Oh and for some members, no internet means nearly zero porn!

6   MisdemeanorRebel   2016 Feb 21, 8:33am  

Who knew most Americans had thousand acre estates, politicians at their beck and call, owned capital and didn't have to work, etc.?

Anyway, looks like the big drop happened during FDR. You'll also find the greatest increase in the standard of living, expansion of home ownership, etc. during the New Deal Era to 1970. A little bit of socialism goes a long way.

7   indigenous   2016 Feb 21, 8:40am  

thunderlips11 says

You'll also find the greatest increase in the standard of living, expansion of home ownership

Yes it works wonders when socialism bombs the shit out of it's enemies who then can no longer produce. Not to mention the real cause being the baby boom as in it was safe to create babies after FDR was dead.

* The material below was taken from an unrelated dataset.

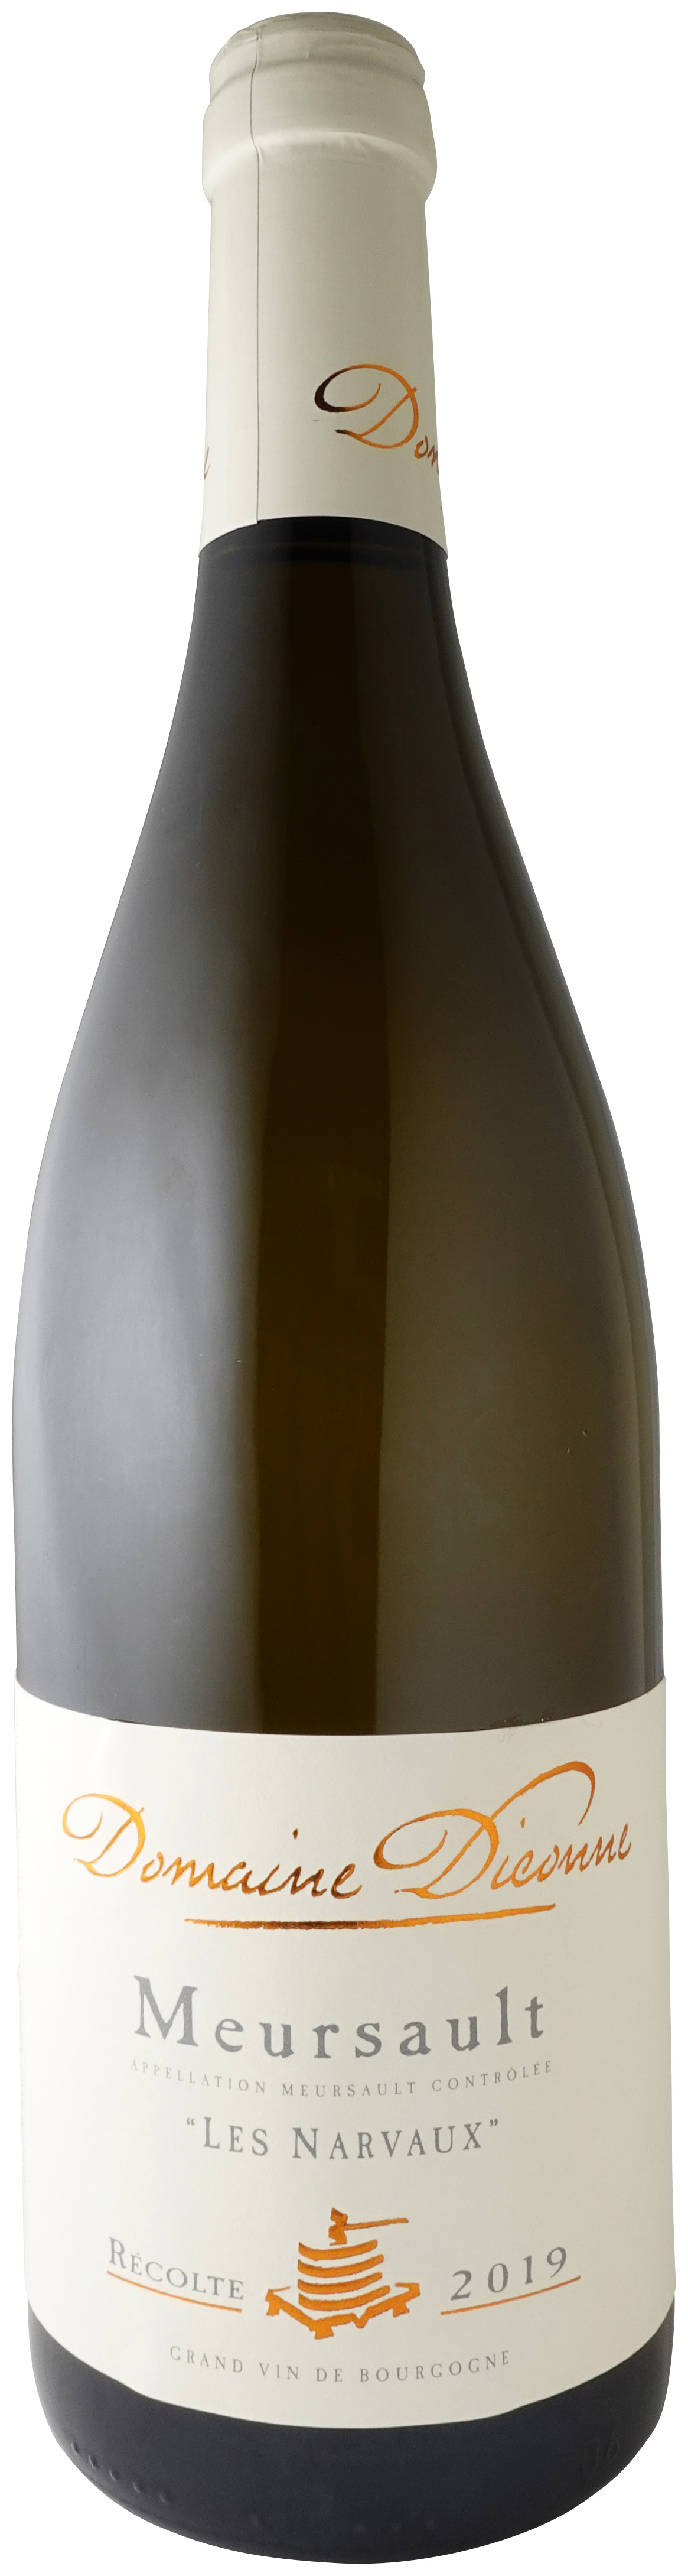 使い勝手の良い ムルソー プルミエ クリュ レ シャルム 2003 ルー デュモン レアセレクション 白ワイン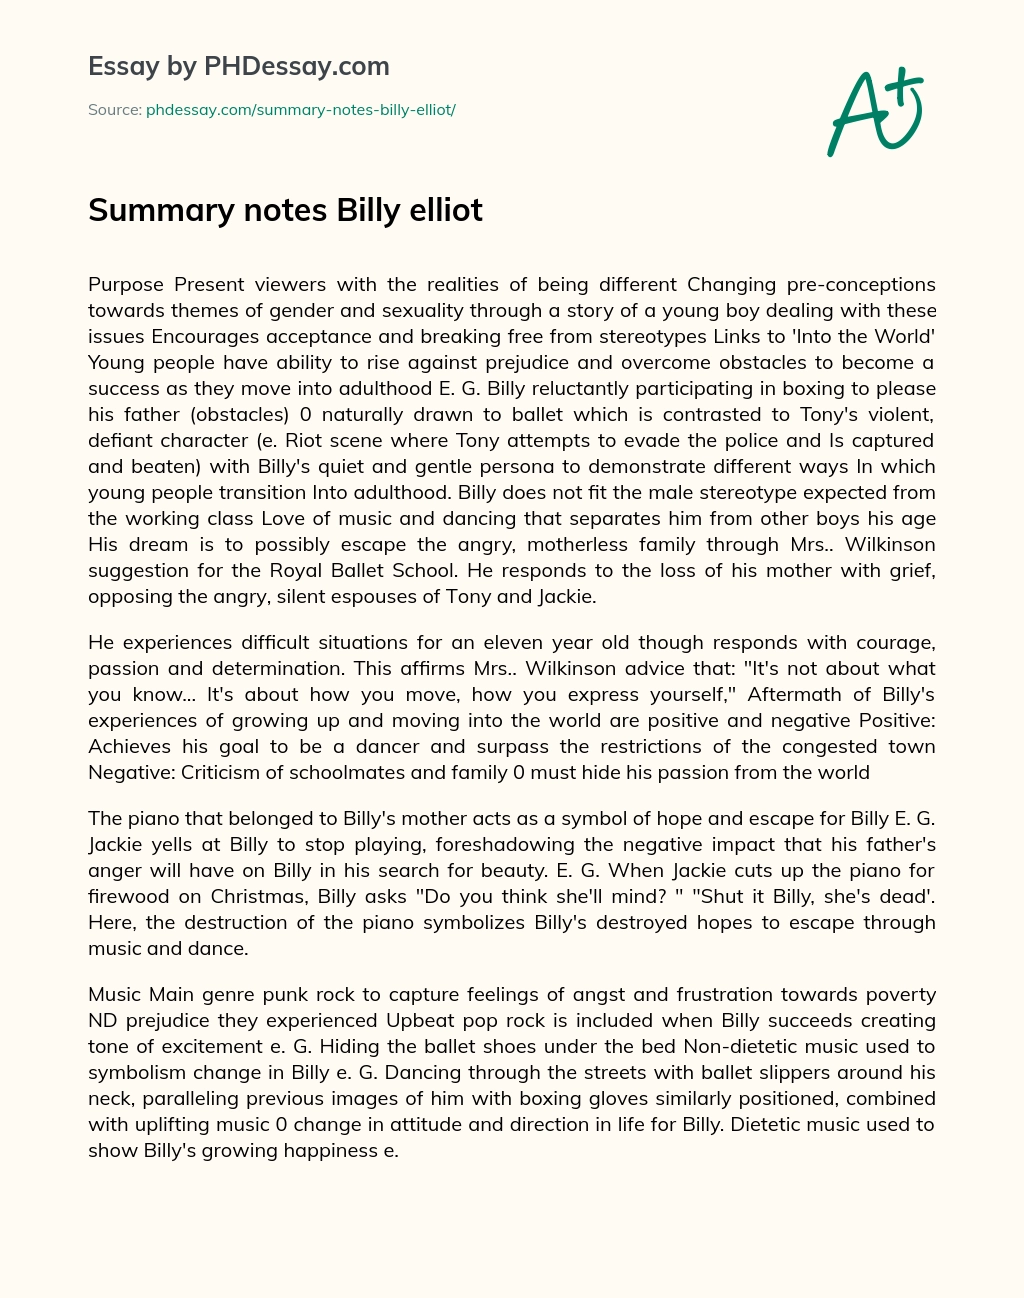 Summary notes Billy elliot essay

8   justme   2016 Feb 21, 10:11am  

Wow, I bet people had no idea how much better 100 years of corrupt crony capitalism would make it for all of us.

They only forgot to compare the Rockefellers of 1916 with the Wall St Masters of 2016.

Exceptionally dumb article. It is not a question of going back to 1916, it is a question of making 2016 better than it is.

9   Shaman   2016 Feb 21, 1:10pm  

georgeliberte says

ery limited compared to the internet.. Not to mention, if you have ever looked through 'rare' (old) books, many of them are pure rubbish

This is true. Even the "greats" that wrote 100-200 years are pretty sad by today's literary standards. I tried to read a compiled works of H.P. Love craft and it was the most info-dumpy lack of action pseudo-prose and incredibly racist at every turn. Not to mention that it was all terribly predictable. I read about half the stories out of sheer bloody-minded persistence and then put it away for good. Others like Alexander Dumas are somewhat better and more readable, but still tough going in places, as well as using overly stilted language throughout. Herman Melville's "Moby Dick?" Lemme tell you this: if that "great American novel" were submitted to a publisher in 2015, it wouldn't even get a courtesy response.